### What the exercise asks
Every line of the listing belongs in your answer exactly as written; the images do not.

### Data below
== Segment start ==

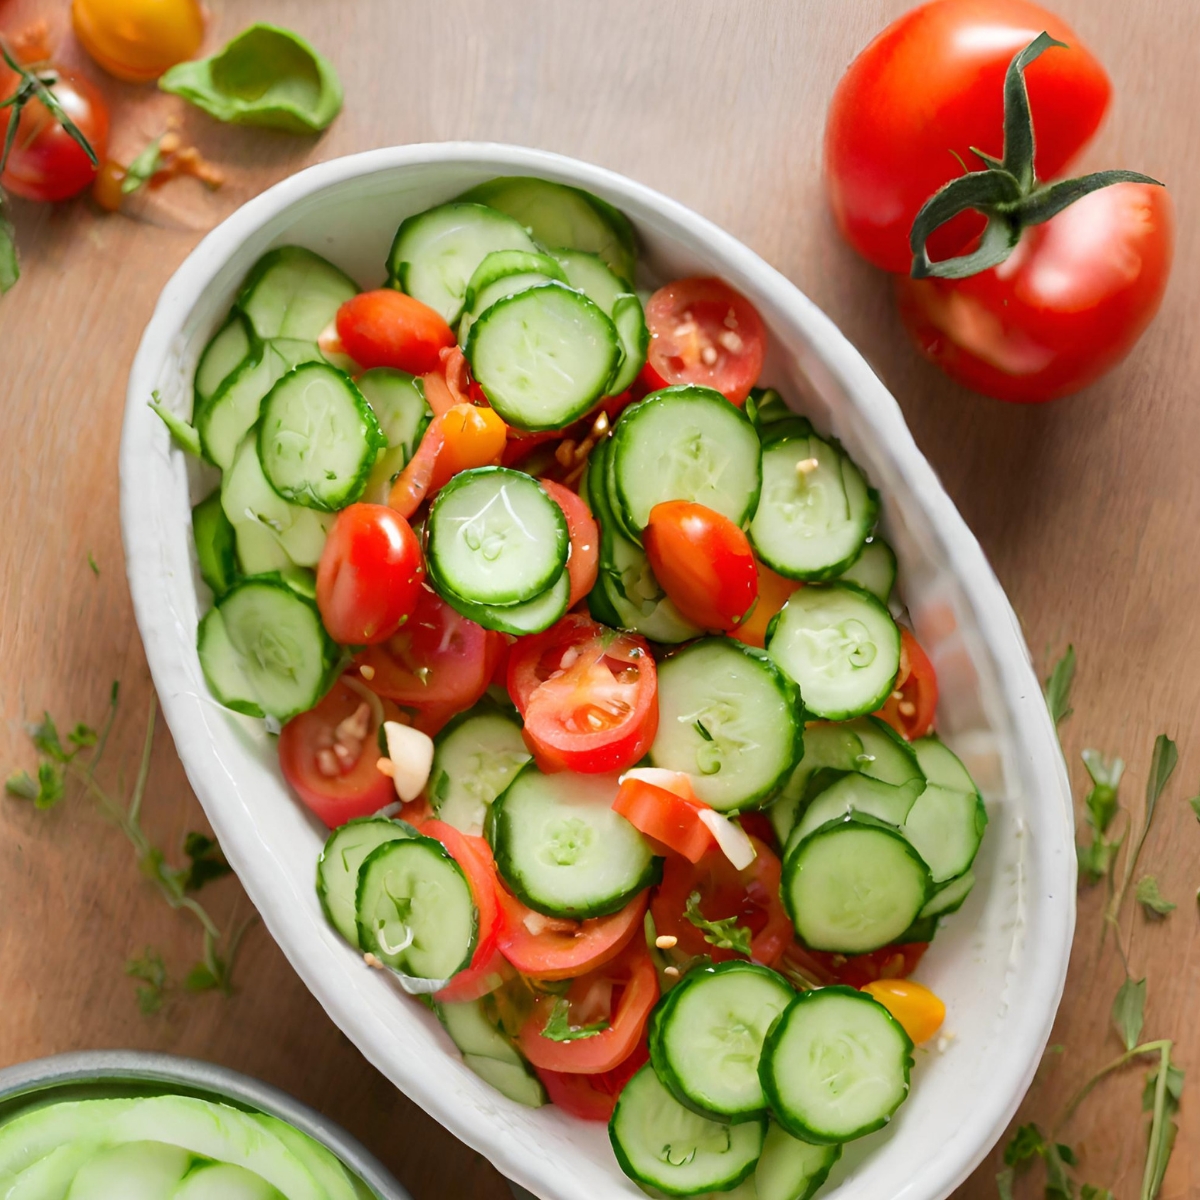 Cucumber and Tomato Salad Recipe "A Refreshing Summer Delight"
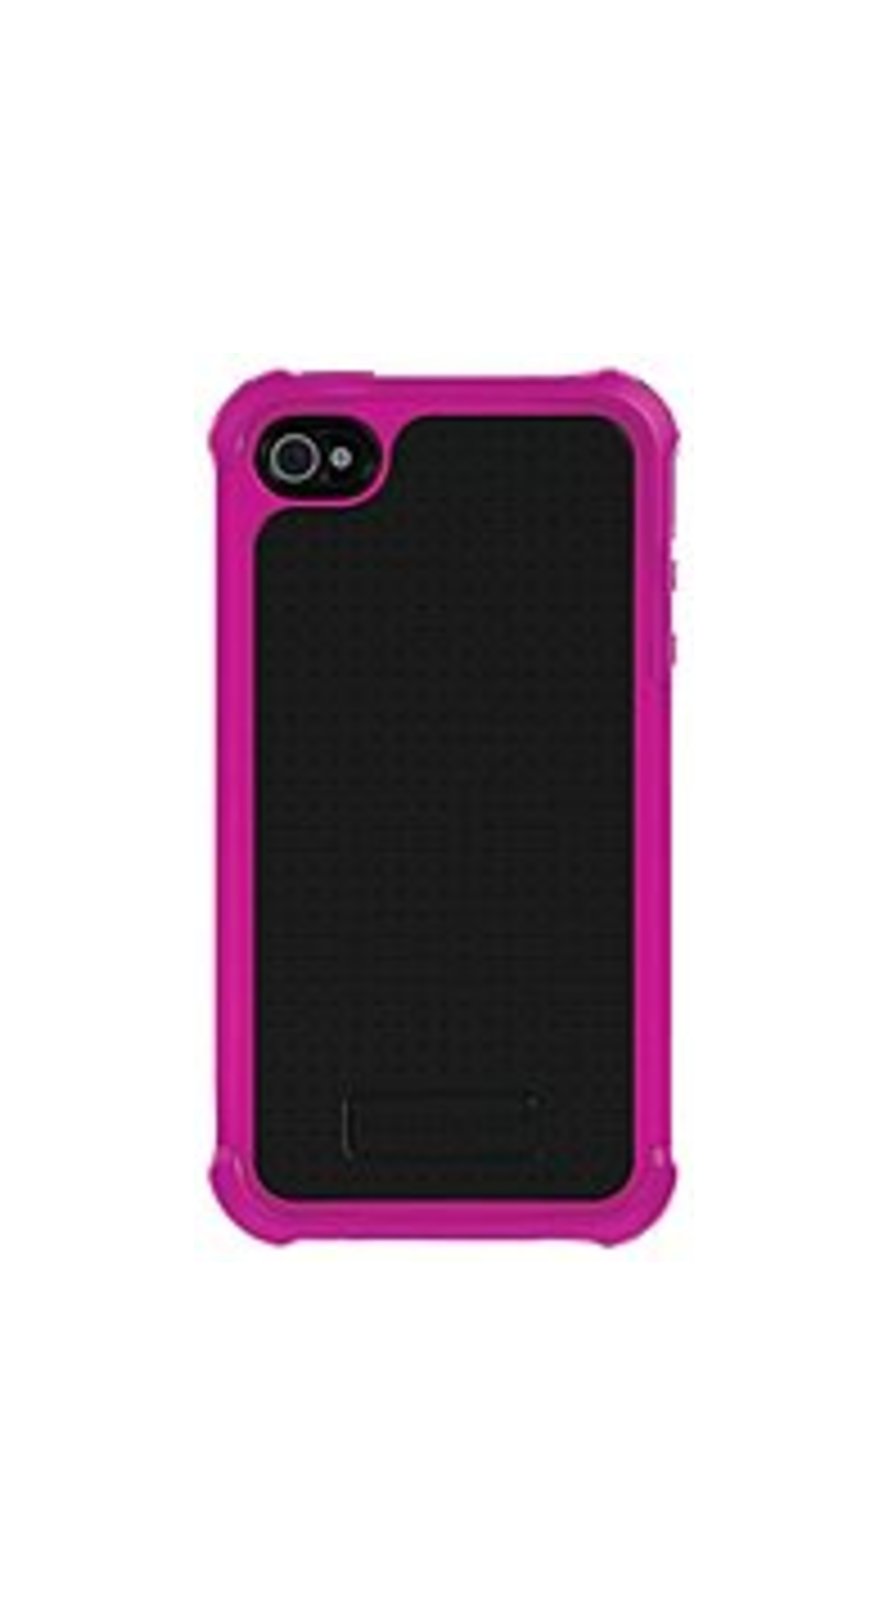 Ballistic SA0582-M965 Soft Gel Case for iPhone 4 and 4S - Pink, Black
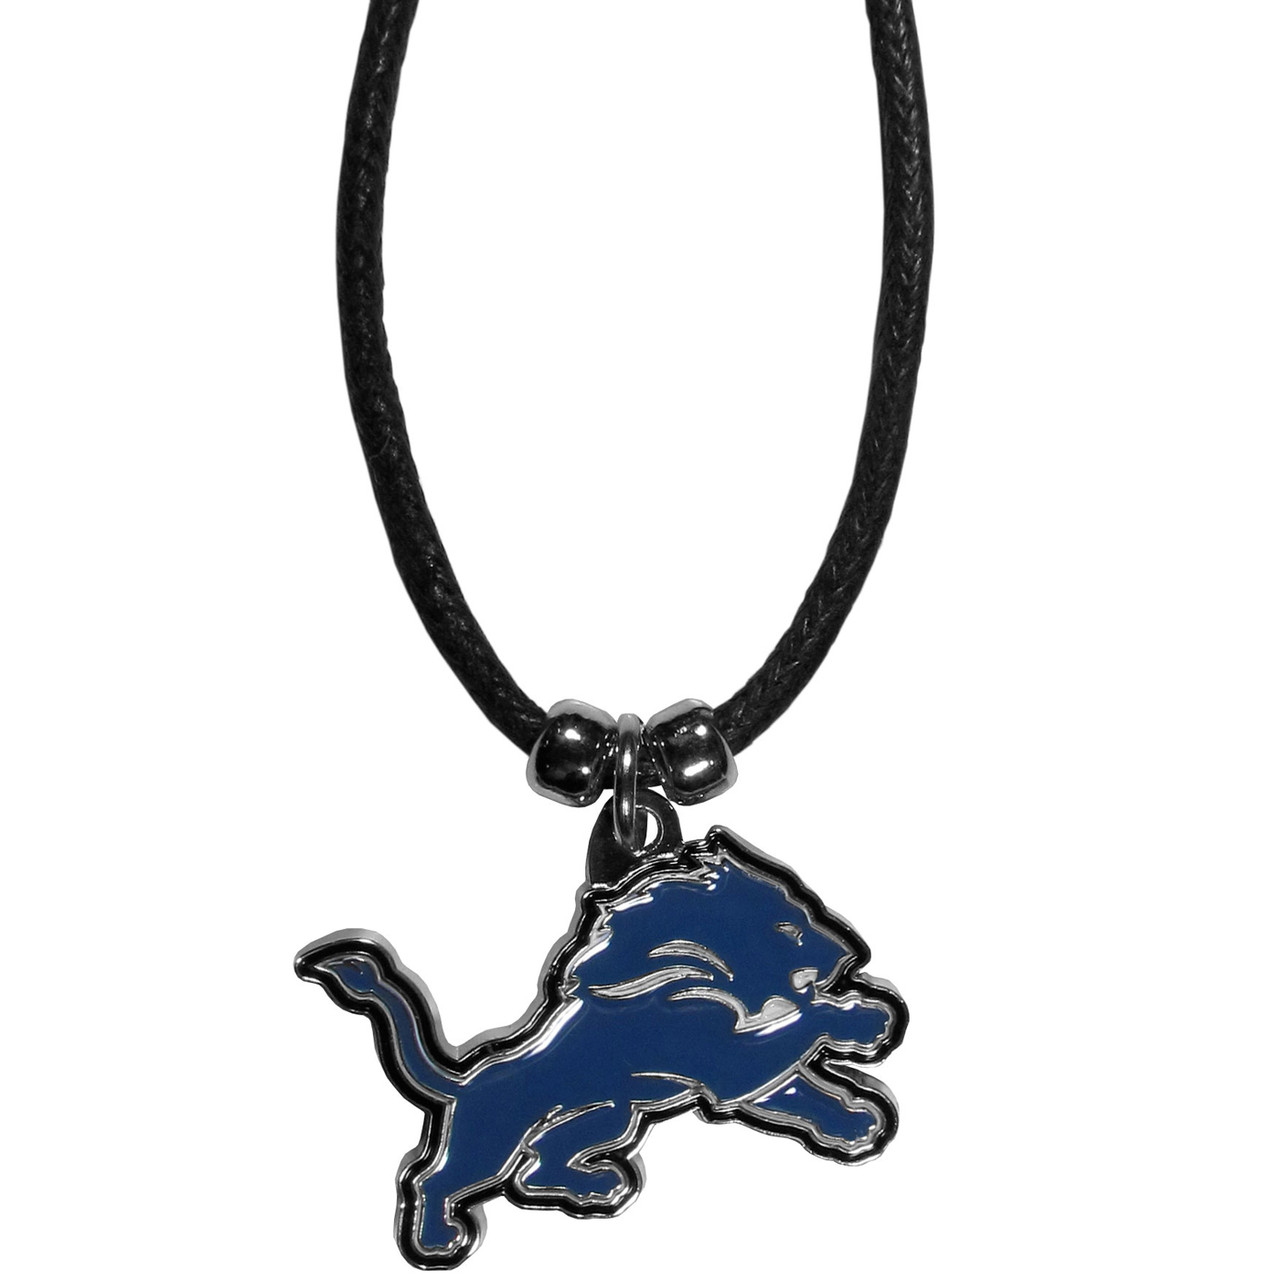 Detroit Lions Necklace Chain and logo clean Remixed by JabHook - MakerWorld

== Segment end ==

### Exercise answer
 Cucumber and Tomato Salad Recipe "A Refreshing Summer Delight"
 Ballistic SA0582-M965 Soft Gel Case for iPhone 4 and 4S - Pink, Black
 Detroit Lions Necklace Chain and logo clean Remixed by JabHook - MakerWorld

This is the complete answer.